Why do the best roof-prism binoculars need a phase-correction coating? How does it work, and why is it not used in Porro-prism binoculars?

Roof-prism binoculars
Roof-prism binoculars are a good choice when lightness and compactness matter more than high cost. Beware of cheap versions.

A roof prism splits the light cone from an objective lens into two separate pathways, involving different internal reflections, before recombining them into an erect image at focus. If the roof angle deviates more than 3 or 4 arcseconds from 90° a double image is seen, so manufacturers place a tight tolerance on this angle. This is why good roof prisms are costly.

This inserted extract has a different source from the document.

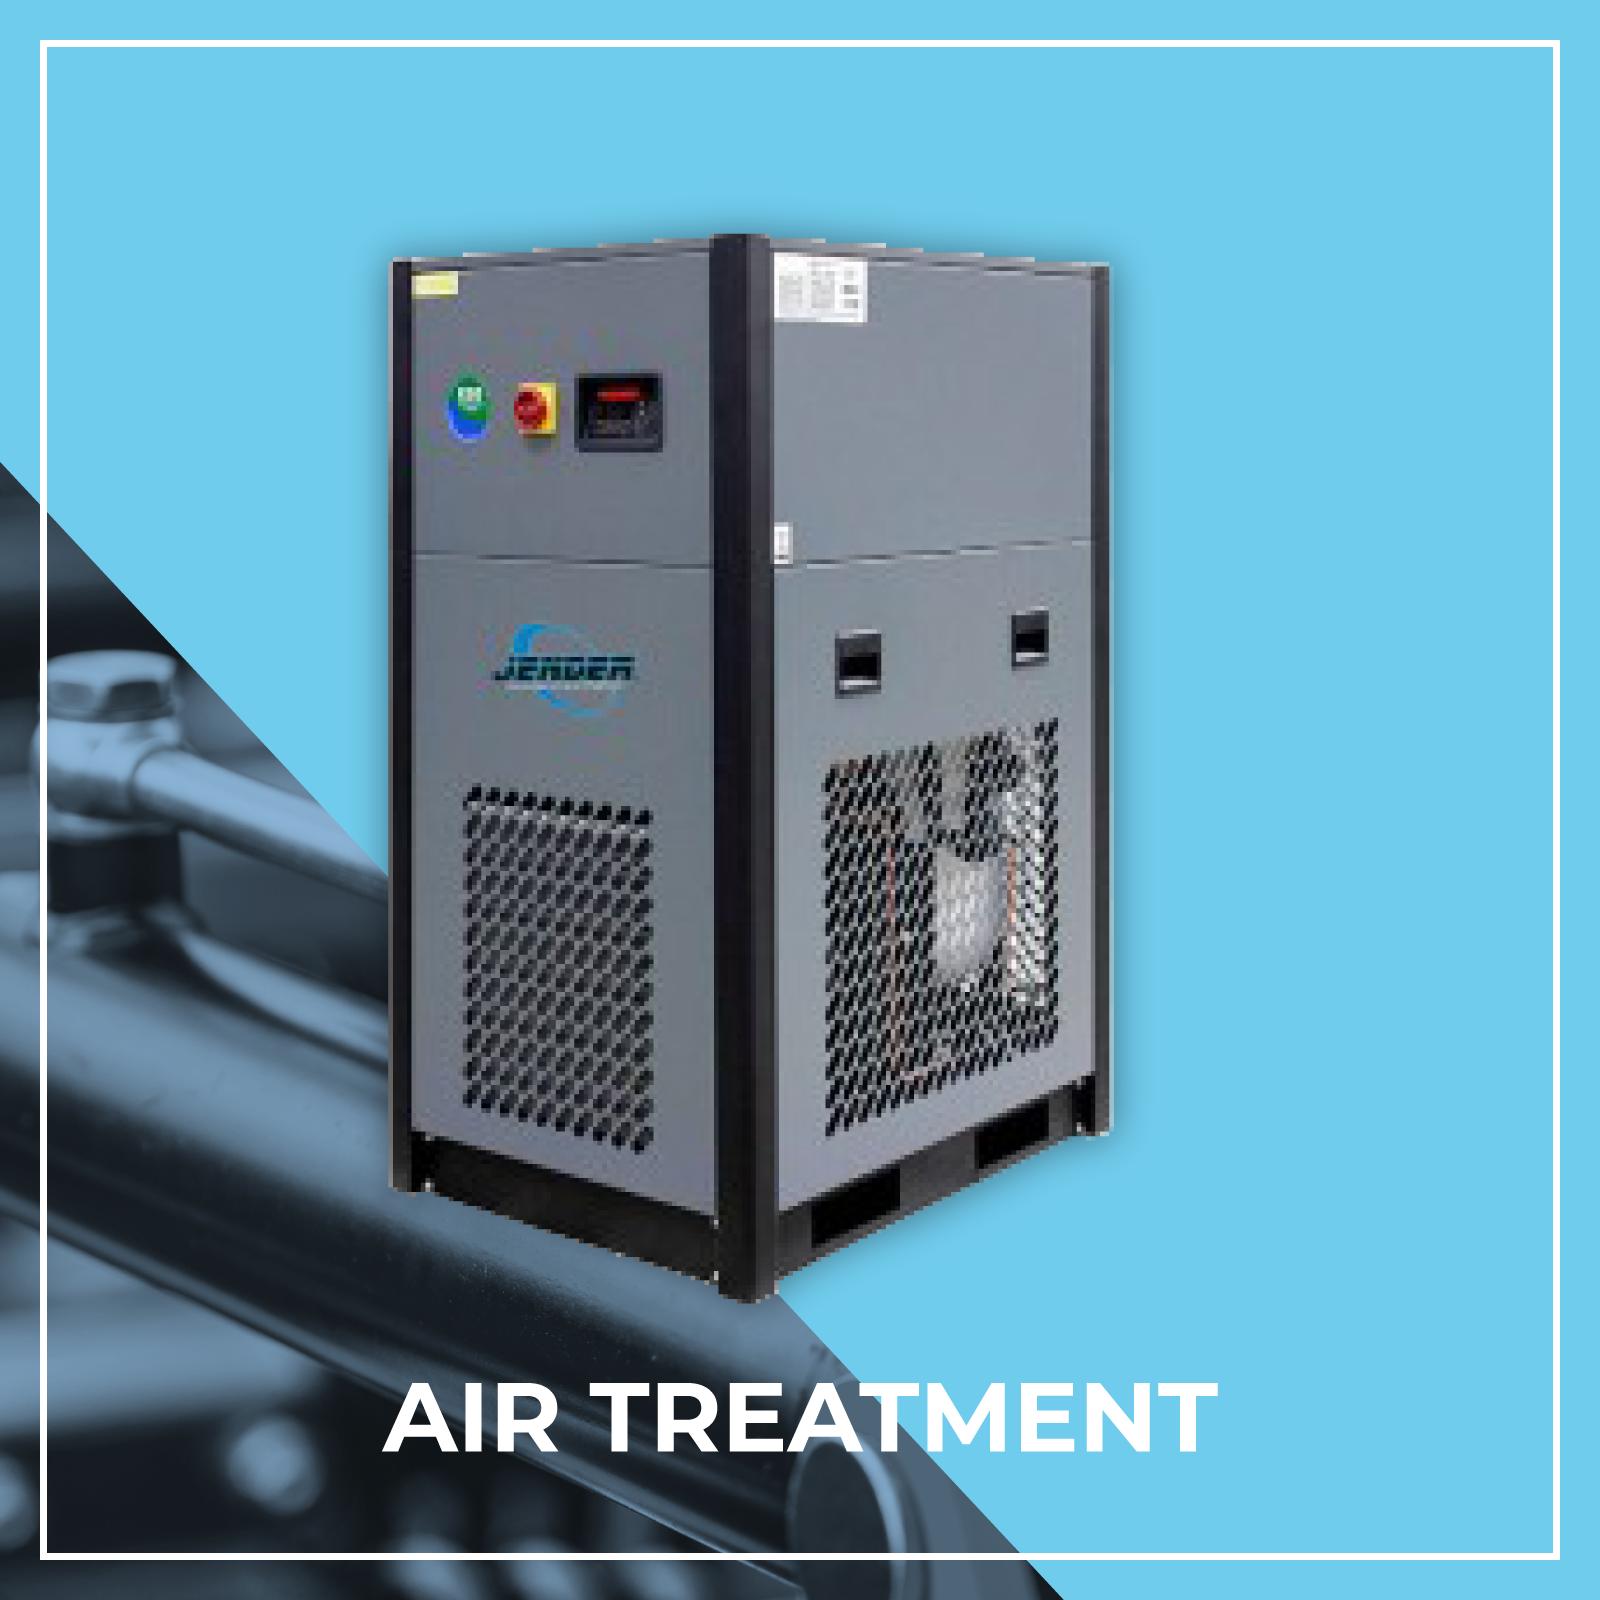 Air Treatment home pick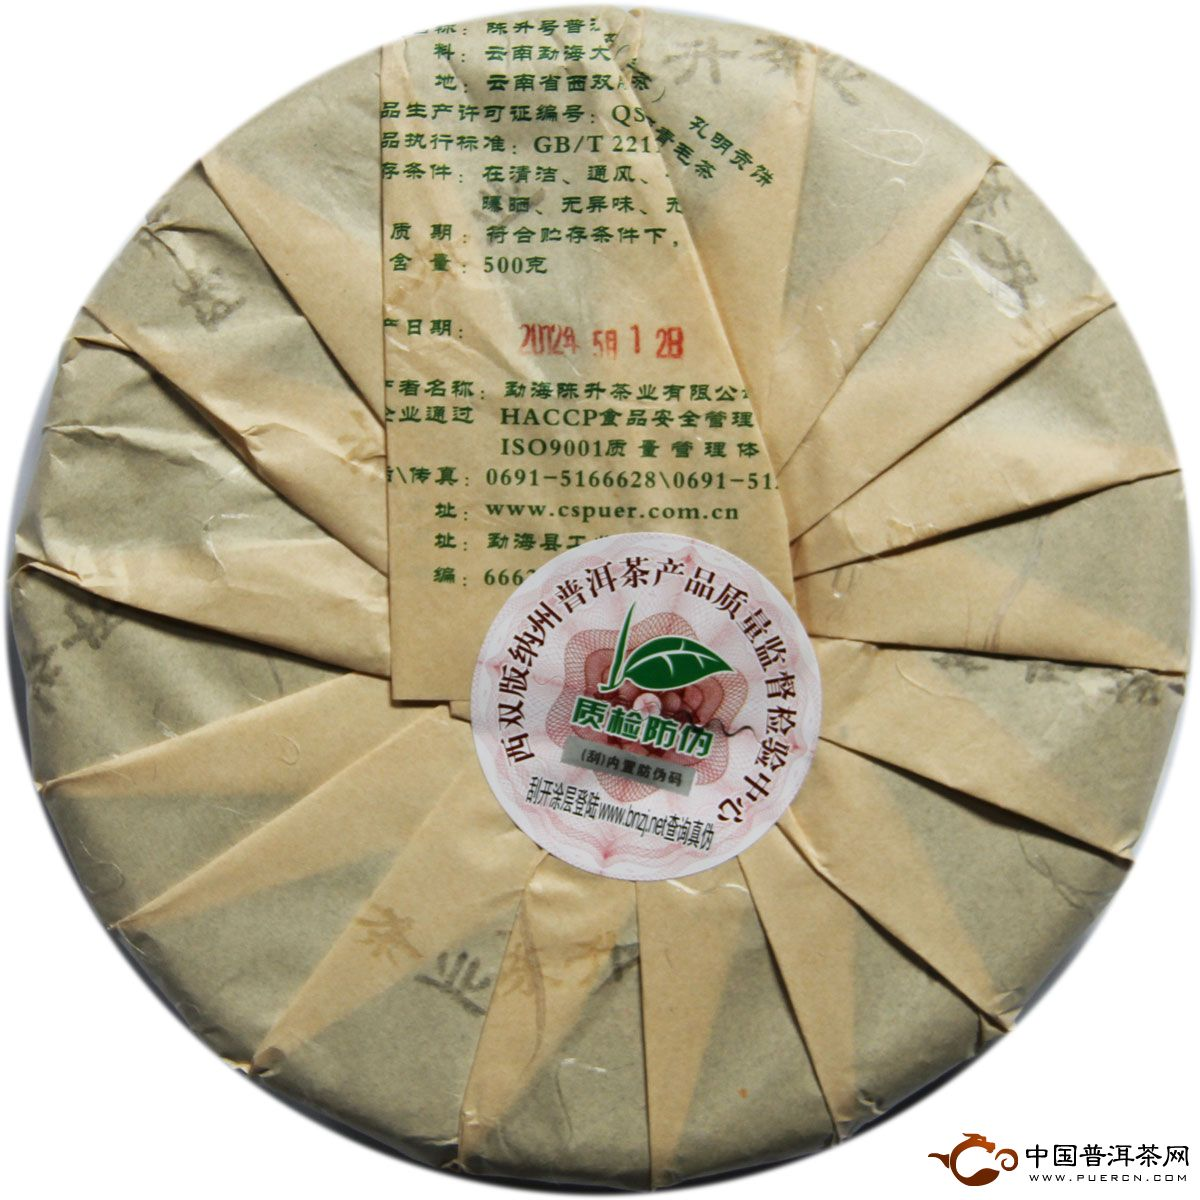 2012年陈升号孔明贡饼(生茶) 500克

Phase-correction coatings, however, address a separate issue. “The internal reflections polarize the two light paths through the roof prism differently,” explains optical designer Richard A. Buchroeder of Willcox, Arizona, “so the light beams don’t recombine into a coherent wavefront. You get about half the theoretical contrast and resolution in a direction perpendicular to the roof line, and a star shows a single diffraction line in each eyepiece. Even at low magnification, you can see the loss of contrast.”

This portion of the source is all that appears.